After reading “Growing a Bear” a few times, I’m not at all sure what the Bear is, but I think it's vaguely naughty and funny and grave. How would you pin it down? Or would you decline the invitation to pin it down?

And did you enjoy the poem?

Jun 6, 2014

D.H. Lawrence's "Bavarian Gentians" and Dylan Thomas, Follow-up


Here is D.H. Lawrence’s poem, “Bavarian Gentians.” I think I know why it came to mind as I talked last time about Dylan Thomas and “The Force that through the Green Fuse Drives the Flower," but I'm not sure. Ideas?  Which of the two poems do you prefer, and of course, why?

I don't have a photo of a Bavarian Gentian, but I'm including some with important blues or purples and darkening and excess.



My posting twice about the same poem has never elicited much visitor interest, but sometimes I just can’t help myself. Here are some further questions and thoughts about Dylan Thomas’ “The Force That through the Green Fuse Drives the Flower.”

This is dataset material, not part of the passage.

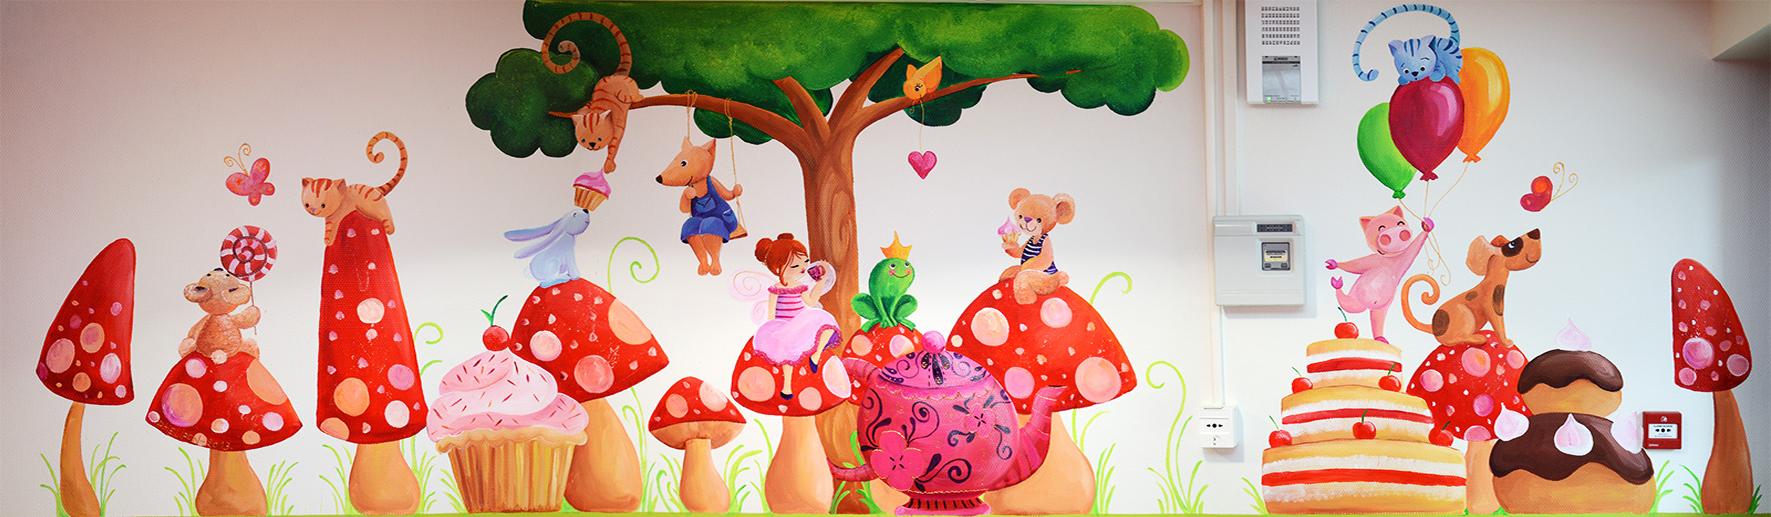 Fresque Pour Les Enfants De Souesmes Dernier Jour Ptit Blog D 39 Une Illustratrice Jeunesse

One word that might confuse or alienate readers is “the green fuse,” which I take to mean the flower’s stem. Does Thomas get enough bang for his buck with “fuse” as a metaphor? In exchange for potential confusion in some readers, what, if anything, does he gain by using “fuse”?

Same question for “dumb”?

Why is the poem so full of violence? About a hundred and fifty years before Dylan Thomas came along in Wales, the English Romantics, especially Wordsworth, had conceived of a dynamism in Nature—its potential for destructive activity along with its beauty and spirituality. But isn’t Thomas going further than the Romantics in seeing and insisting upon Nature’s fearsome extremes and thus complicating its beauty with its violence? Thomas’ Nature wreaks such havoc that he cannot express its extremes; he can only give examples and ask us to perceive natural presences as he does. 

Do you think a single force governs the life and death of humans, plants, and animals? Are we that much a part of nature?

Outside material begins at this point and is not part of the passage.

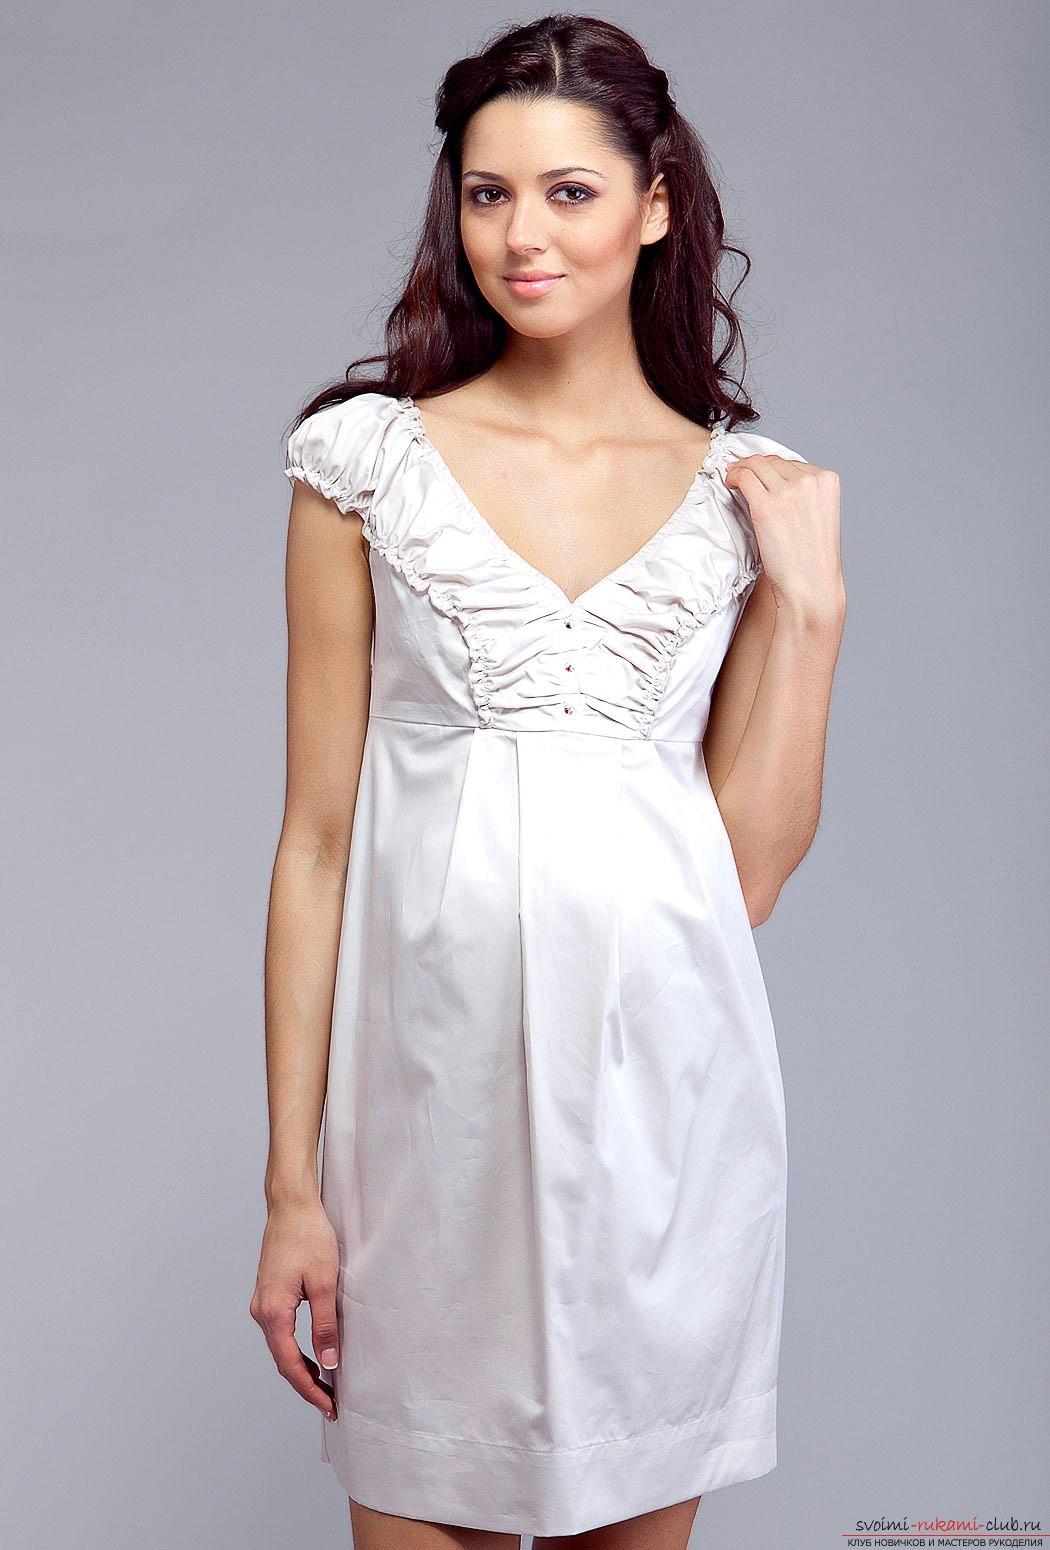 следственный модели платьев для шитья фото древности

Where in the human being would you locate that force? The heart? The brain? The mouth? The hand? The genitals? Or the mind or soul or spirit?—none of which can be located on an anatomical chart.
English teachers are sex-crazed nerds; that’s old news. Therefore, I ask if the poem has anything to do with sex—potency and lack of it, or Freud’s “libido” versus “thanatos.” I’m pretty sure I recall accurately that Freud expanded his concept of the libido from a specifically erotic drive to a broader meaning of life force, a quest for survival, which of course was in continuous conflict with “thanatos,” or death drive.

Thus, Freud, like the Romantics, saw the essential condition of humans as one of tumult,  inner turmoil, conflict, unlike Buddhism’s sense of a calm inner place, nirvana, which we should try to reach. Do you favor one of these views of human nature over the other? If the human is an onion and you keep peeling off layers, what’s at the center—a roiling ocean or a still pond?